Eğer bir ekonomist bugünkü verilere bakarak yarın, haftaya, seneye ne olabileceğini bilecek kabiliyette olsa Taraf’a röportaj vermekle, rapor vs yazmakla ya da TV’de görünmekle neden vakit kaybetsin ki? Borsa, emlâk, döviz, altın… elindeki parayı hızla katlayabilir. Sadece bu bile ekonomistlerin ekonomiden ne kadar anlaMAdığını fark etmek için yeterli sanırım.
Peki saatlerce konuşurken ne anlatıyorlar? Ekonomi bir bilme değil inanma meselesi olduğu için ekonomistler de peygamberlerini, mürşidlerini dinlerler. Ekonomistler intisab etmiş oldukları ideolojilerin, ekollerin doğrultusunda konuşurlar. Örnek? 2008 Krizi kimin suçu? Her bir ekonomist kendi amentüsünü tekrar ediyor:
- 1) Ulus-Devlet suçludur. Çünkü hükümetler ulusal paranın değerini muhafaza veya ihracatı desteklemek için faizleri yapay olarak düşük/yüksek tuttular. Spekülasyon balonunun şişmesine sebep hükümetlerin merkezî müdahaleleridir. Sonunda piyasaların gerçekleri karşısında direnemeyeceklerini anladıklarında artık çok geçti. Paniğe kapıldılar. Yanlış kararlar birbirini izledi. Vs.vs.
- 2) Bankalar suçludur. Mevduat bankacılığı ile yatırım bankacılğını aynı çatı altında yaptıklari için spekülasyon riskleri gerçekleştiğinde mevduatlara, hayat sigortası vb uzun vadeli birikimlere sirayet etti.
- 3) Aracı kuruluşlar suçludur. Goldman Sacs’ın Abacus adlı üründe yaptığı gibi bilinen riskleri gizlediler. Kendi müşterilerine sattıkları finansal ürünlerin aleyhine “oynadılar”. Para kaybettirdikleri müşterilerden bir de komisyon aldılar.
- 4) Fitch Ratings, Moody’s ve Standard & Poor’s gibi kredi derecelendirme kuruluşları suçludur. Yatırımcıları yanlış bilgilendirdiler. Objektif değiller. Ellerindeki yatırım araçlarına zarar vermemek için bilgi saklıyorlar. Bağlı bulundukları özel ve resmî kurumların baskışı altında tetikçi gibi davranıyorlar.
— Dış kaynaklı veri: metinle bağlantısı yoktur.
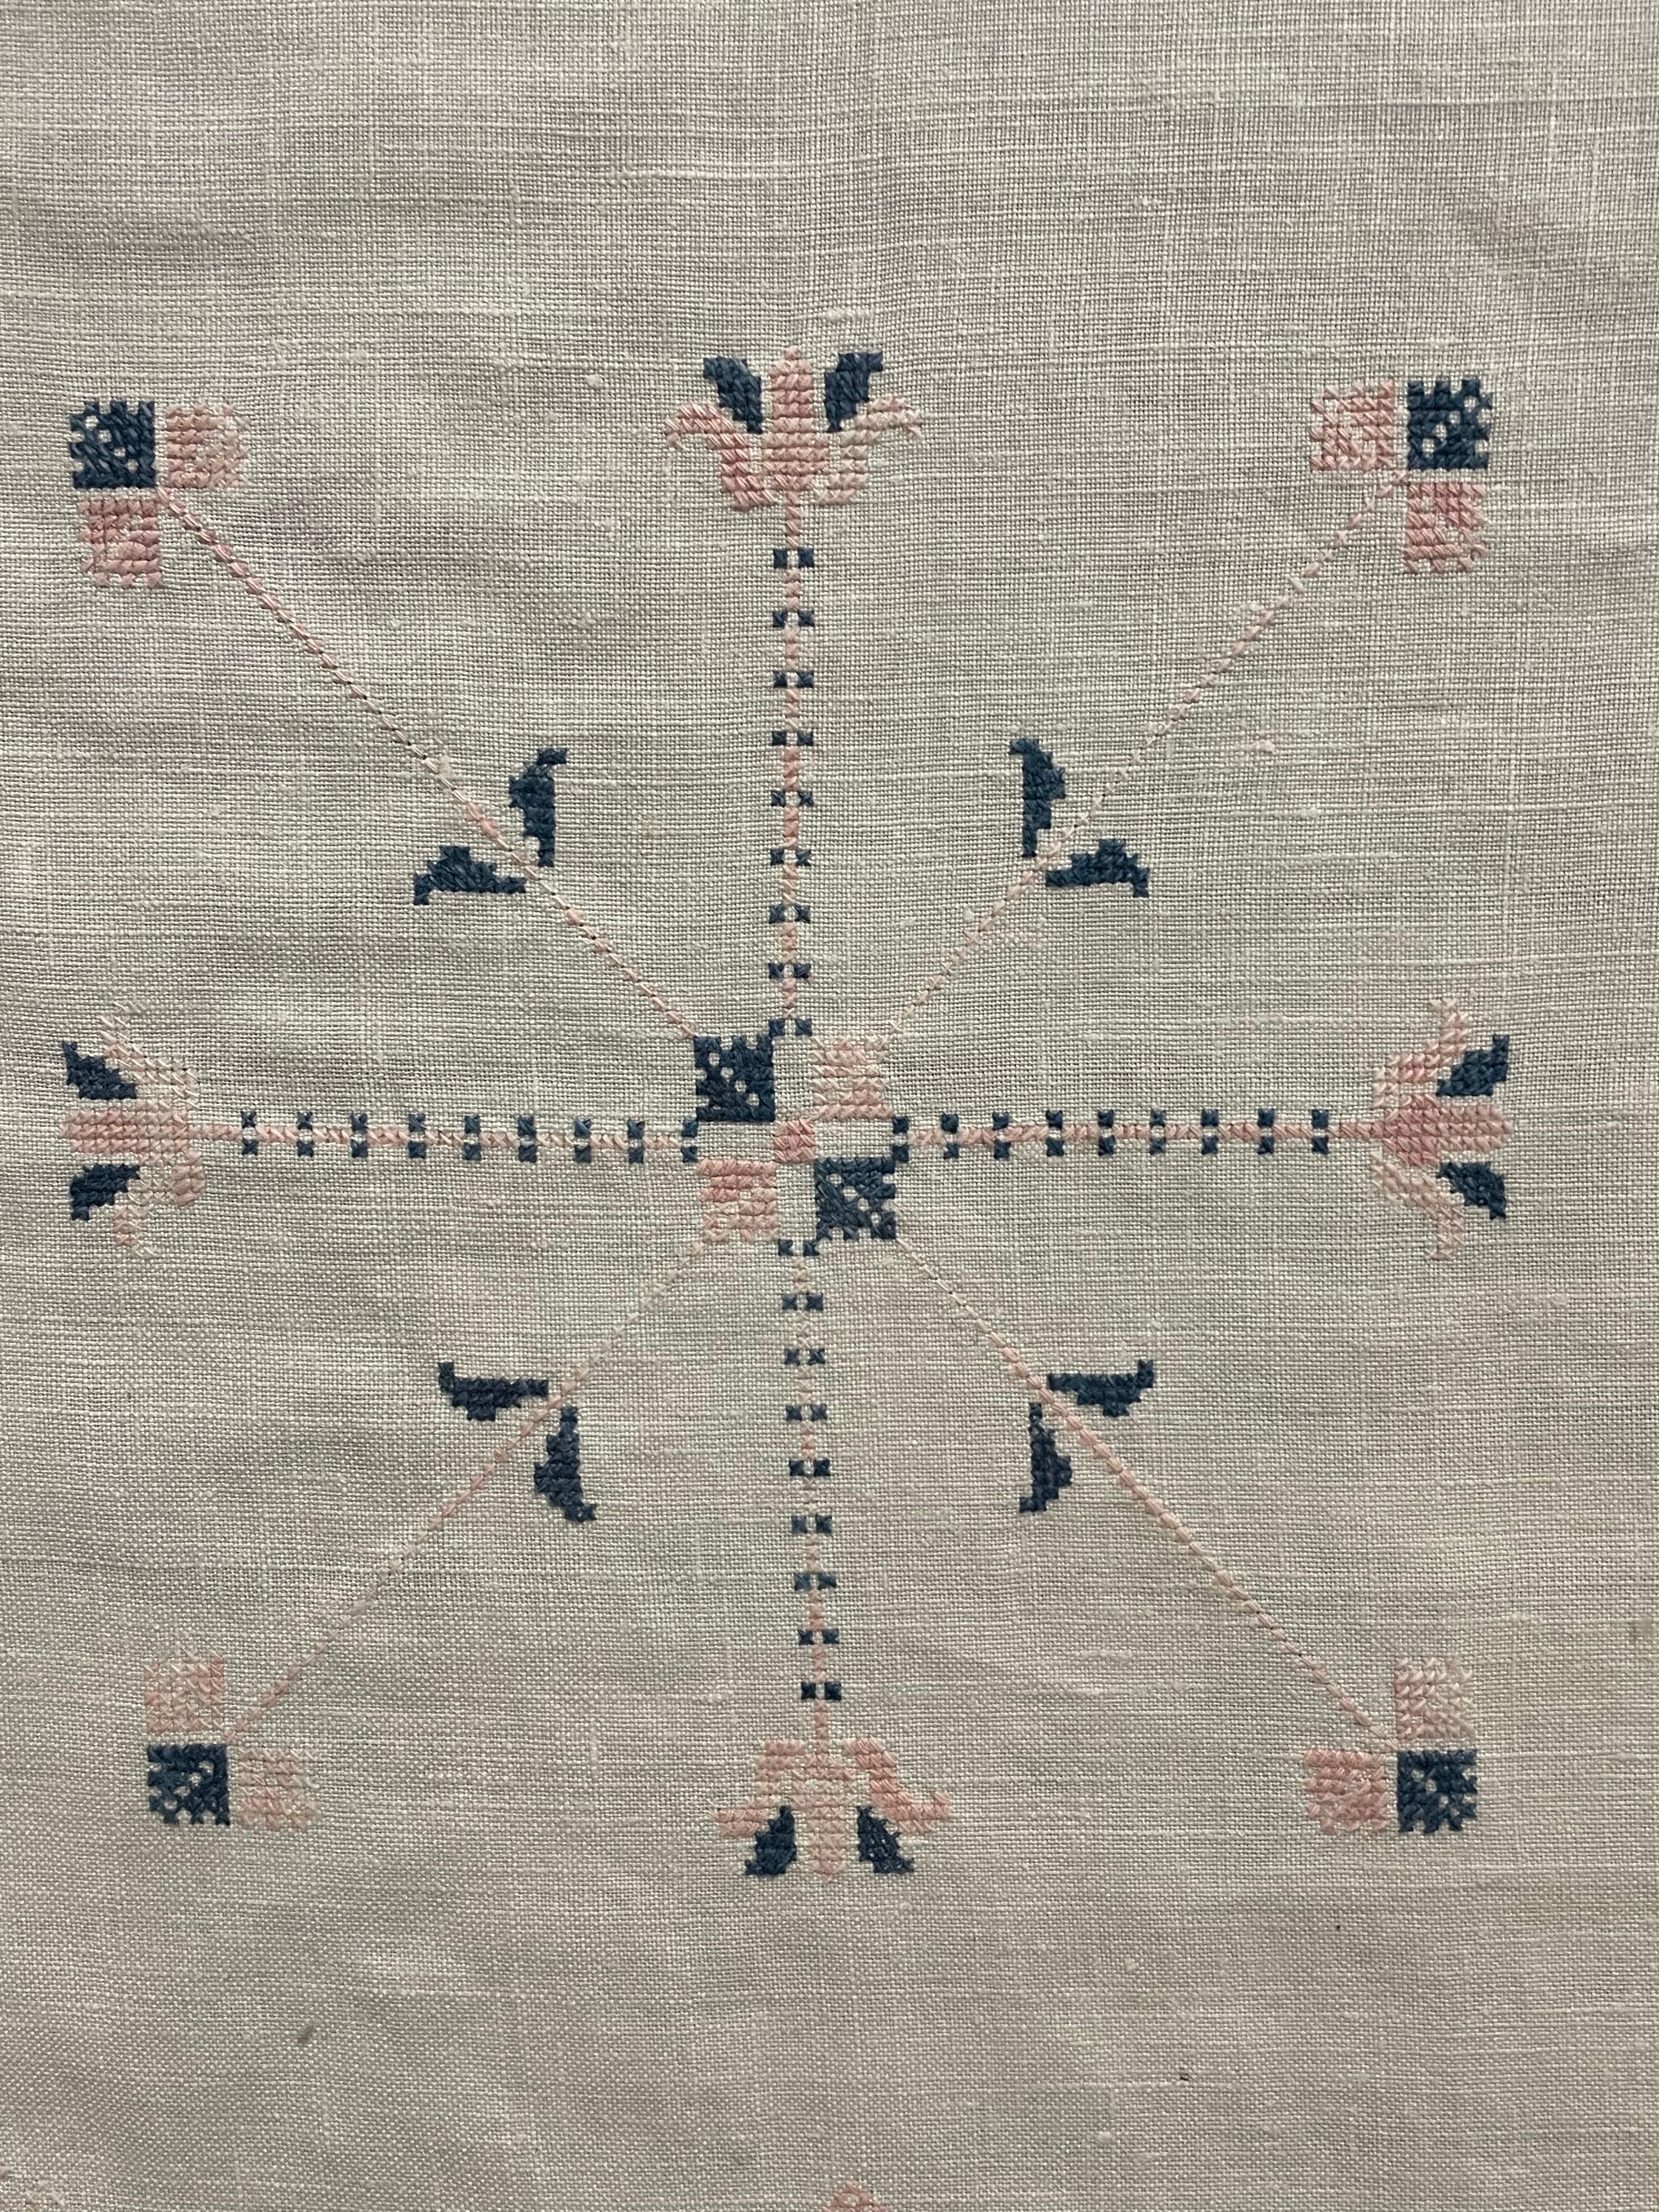 Early 19th Century Needlework

Bunlar gerçeğin parçaları. Ama gerçek bunların toplamı ya da ortalaması değil. Psikolojik ve sosyolojik faktörlerin devreye girdiği bir sahadır ekonomi. İnsanlardaki açgözlülüğü ya da fakirleşme korkusunu formüllere sığdıramazsınız. Arz, talep, fiyat dalgalanmaları… Amerikan doları veya Japon yeni cinsinden, objektif olarka ifade edilse de ekonomik olaylar objektif değildir. Bunlar insanların mallara, risklere, beklentilere sübjektif olarak atfettiği değerle belirlenir.
Sözgelimi kariyerist bir anne çocuklarını ihmal ederek yıl sonu primi olan 1000 veya 2000 dolar kazanmayı hedefliyor diyelim. Bu da bir “ticaret” olur. Annelik görevini, çocuklarının şefkat ihtiyacını yani çok sübjektif bir takım değerleri ekonomik değerler ile değiştirmiş olur.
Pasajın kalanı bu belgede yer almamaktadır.